I'd even go so far as to say Google has an advantage here, since they are a "pure" search company and so have spent a lot of time and money figuring out ways of filtering out the b.s. Microsoft, relatively new to the scene, will have a lot of learning to do.
Hey, this is the real game of life...learn the rules and by the time you've learnt them they've changed. That's what's going to happen to most of us when we retire. (Welcome to WalMart)
Now Google and the advertisers can try to play this game intelligently. I'm not sure exactly how to model it or whether there is some equilibrium state.. Maybe the model we need here is of an adversary advertiser as a Probabilistic Polynomial time Turing machine.
But it's realy no different than the typical investor zero-sum game, (psst here is a hot tip, or this is an easy way to make a hundred million bucks)

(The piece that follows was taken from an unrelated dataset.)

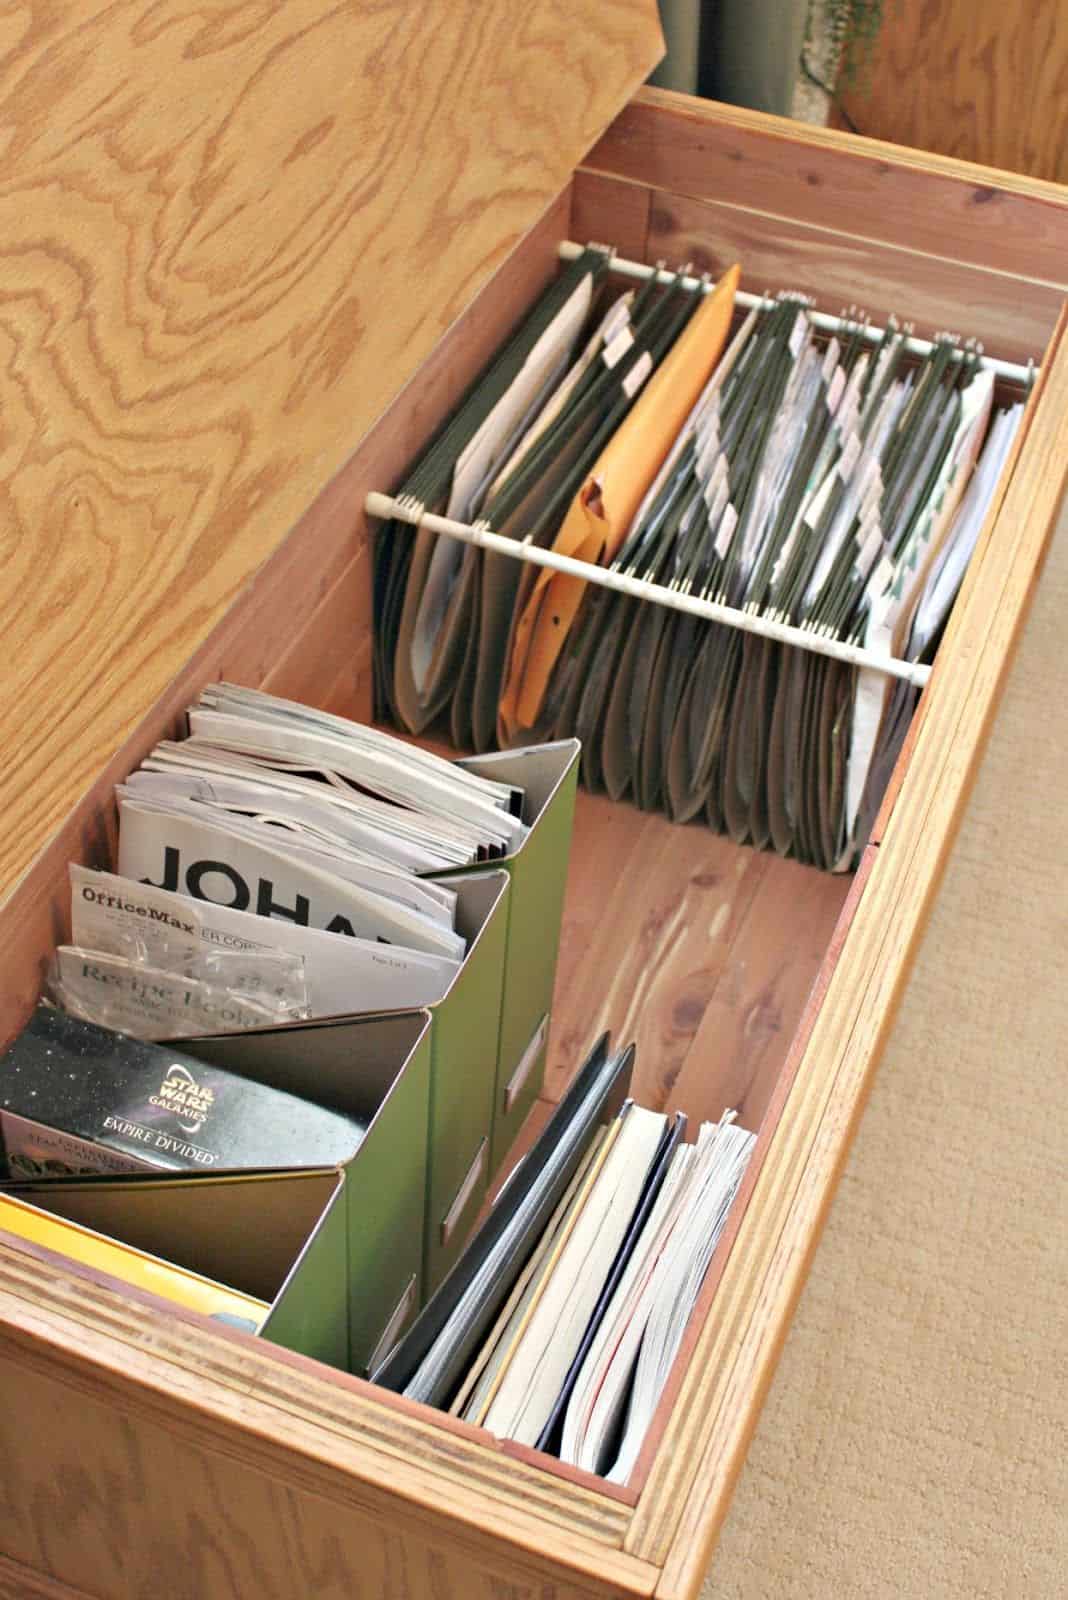 Use tension rods to create extra storage space inside cabinets

Brad needs to provide some kind of pithy formulation of the search engine relationship he describes here -- to economists, it's conceptually equivalent to Goodhart's Law or the Lucas Critique, so future generations will likewise speak in hushed tones of "DeLong's Law."
If Gates meant that Latent Semantic Analysis algorithms can be used effectively and can be tuned to an individual's recent behavior then I do not think it is entirely "smoke and mirrors". Some of these tools are almost off the shelf and everyone wants to know whether their performance will compare with Google's for local searching.
I discussed this with Gates when he visited the MIT AI lab many years ago. Gates definitely understands the nature of the problem, he has also been hiring the best computer science researchers arround for a long time.
I have no doubt that there are computer people who discredit any initiative from Microsoft. It has always been thus. The Cobol/Mainframe gang screamed as their trade skills were rendered irrelevant by microcomputers. Today the Unix artisans are doing the same thing.
I have written system level code for many operating systems, including Unix, VMS and Windows NT. I didn't think much of UNIX ten years ago and it hasn't improved since. I have no doubt that at some point in the future the Windows artisans will be complaining bitterly about some new competitor.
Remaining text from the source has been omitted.